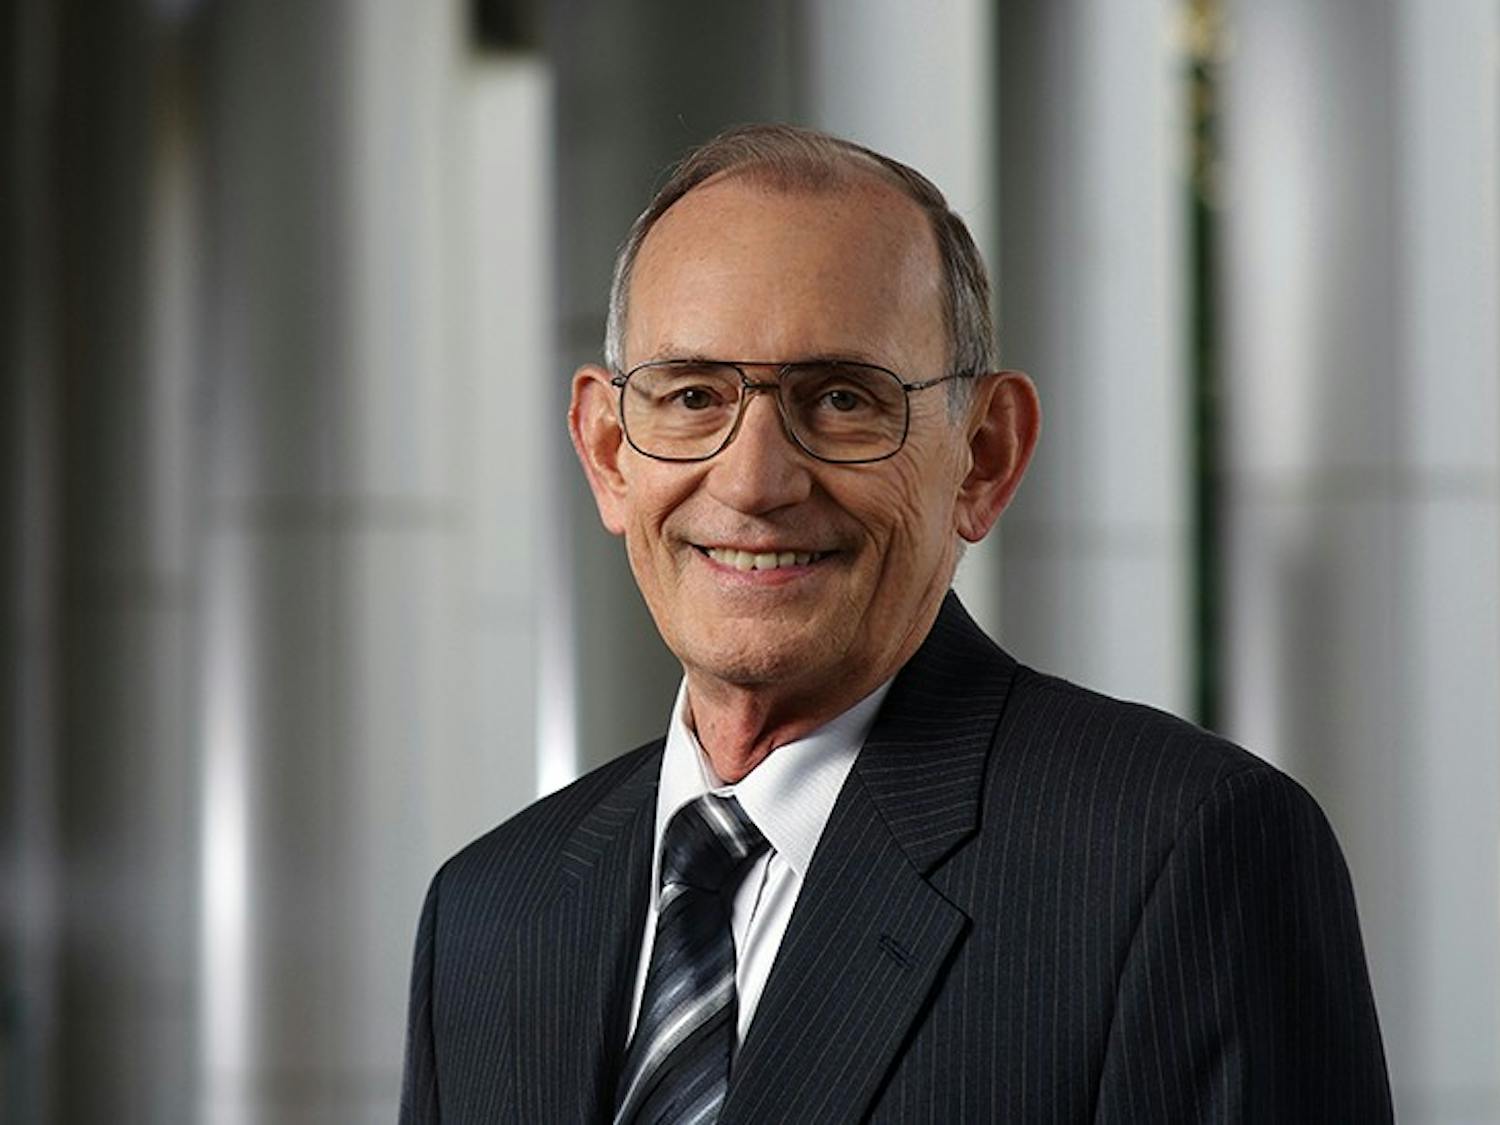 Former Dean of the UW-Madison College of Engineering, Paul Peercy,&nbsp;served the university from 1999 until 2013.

...

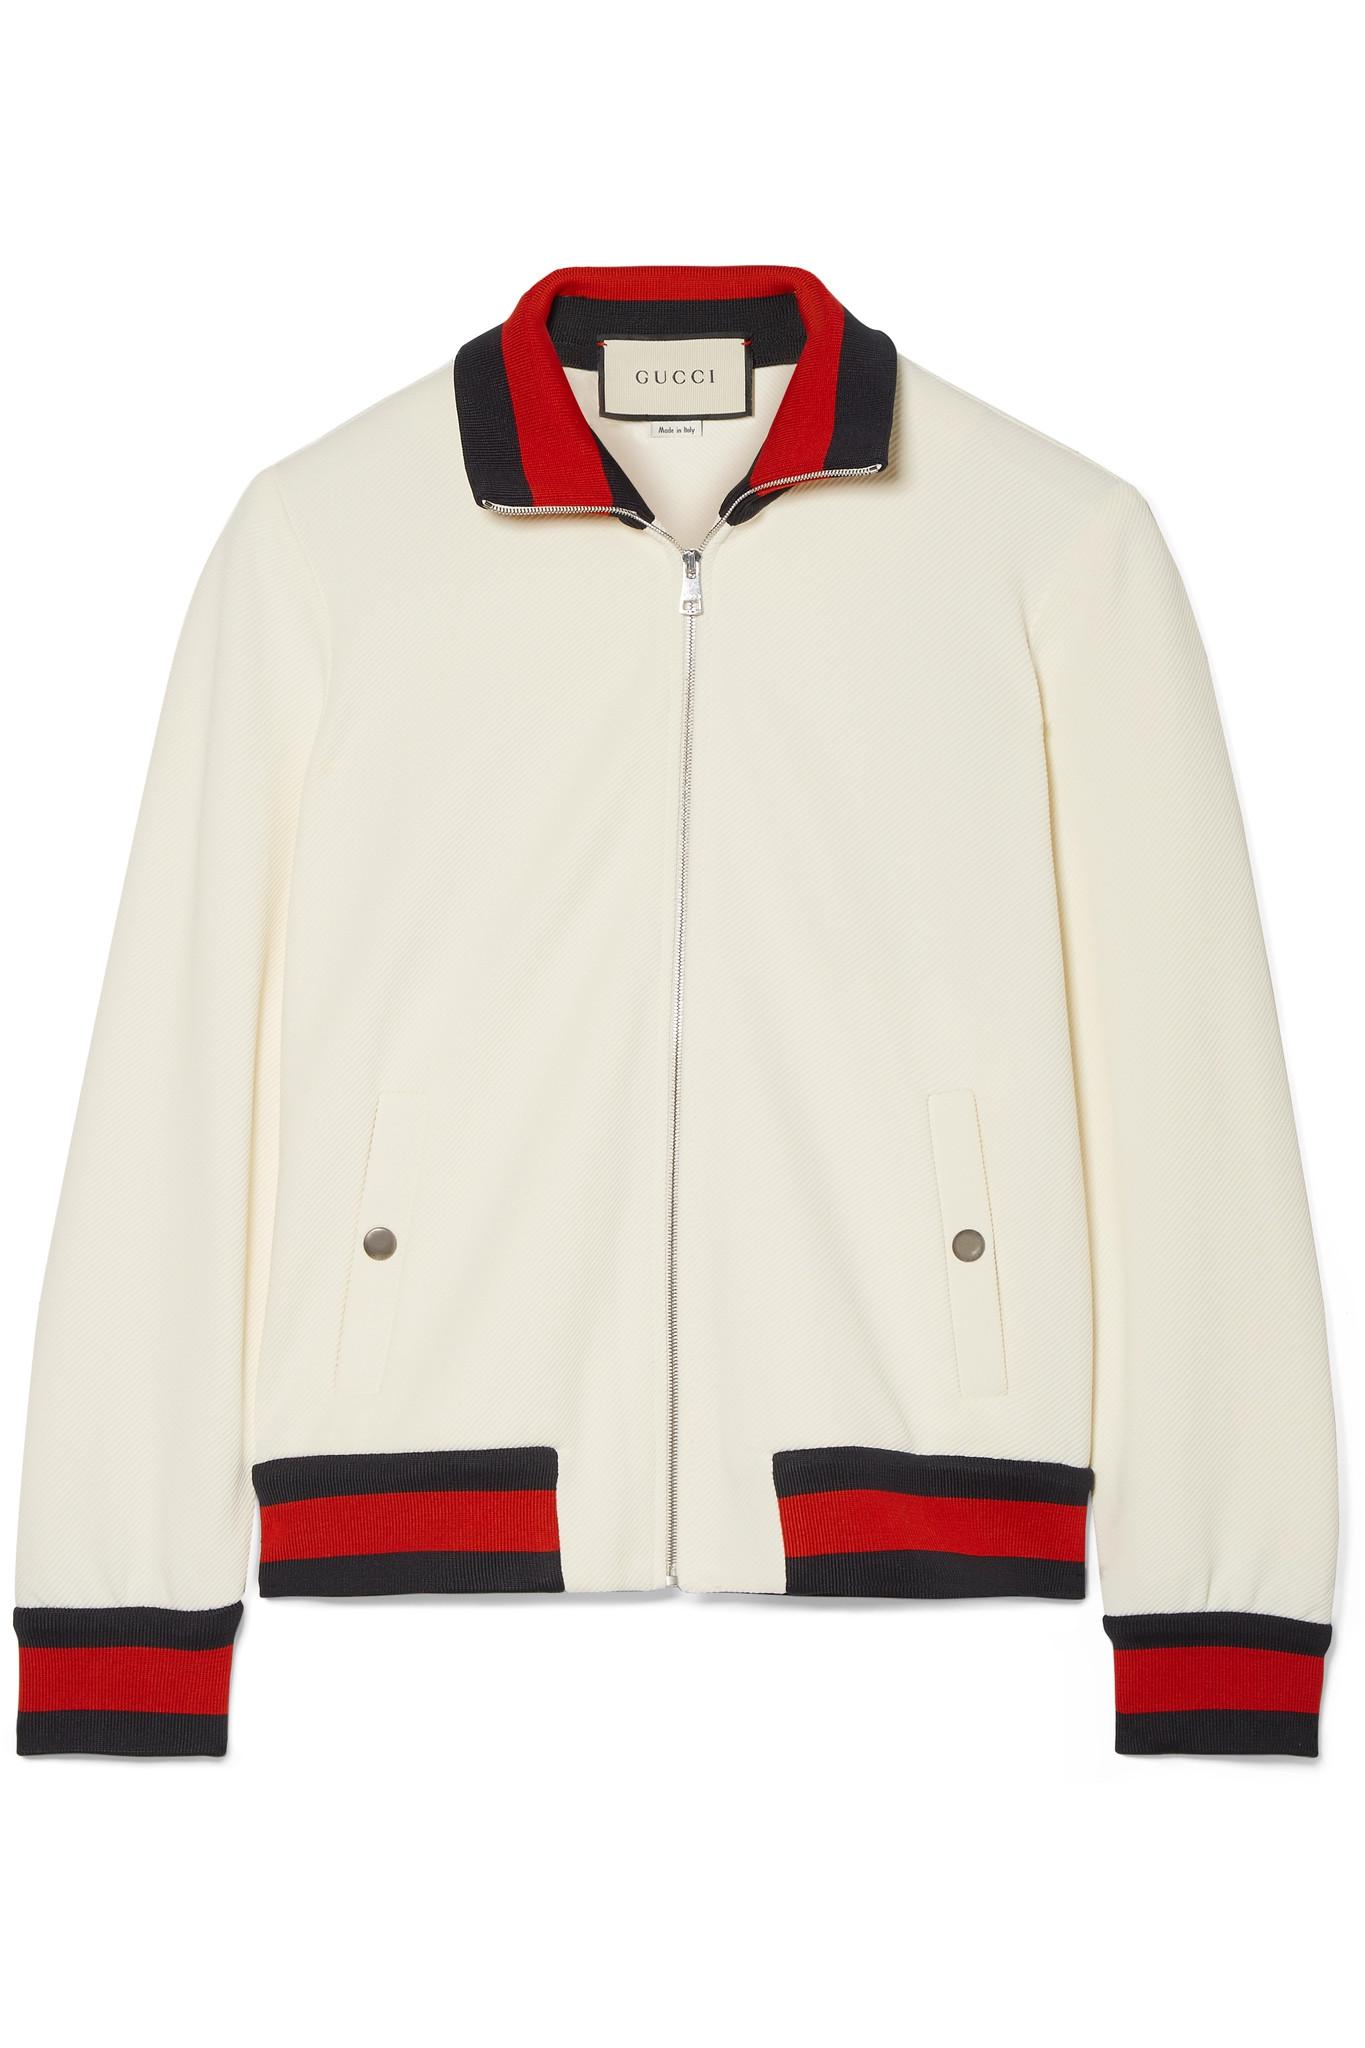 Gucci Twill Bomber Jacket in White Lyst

* * *

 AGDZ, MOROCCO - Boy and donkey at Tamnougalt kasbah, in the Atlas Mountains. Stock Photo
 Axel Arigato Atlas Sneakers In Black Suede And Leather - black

(WHAT IS REQUIRED) Using the records above, copy word for word the line with "AGDZ, MOROCCO - Boy", the line with "Axel Arigato Atlas", and every line between them.

(TASK RESULT)
 AGDZ, MOROCCO - Boy and donkey at Tamnougalt kasbah, in the Atlas Mountains. Stock Photo
 Axel Arigato Atlas Sneakers In Black Suede And Leather - black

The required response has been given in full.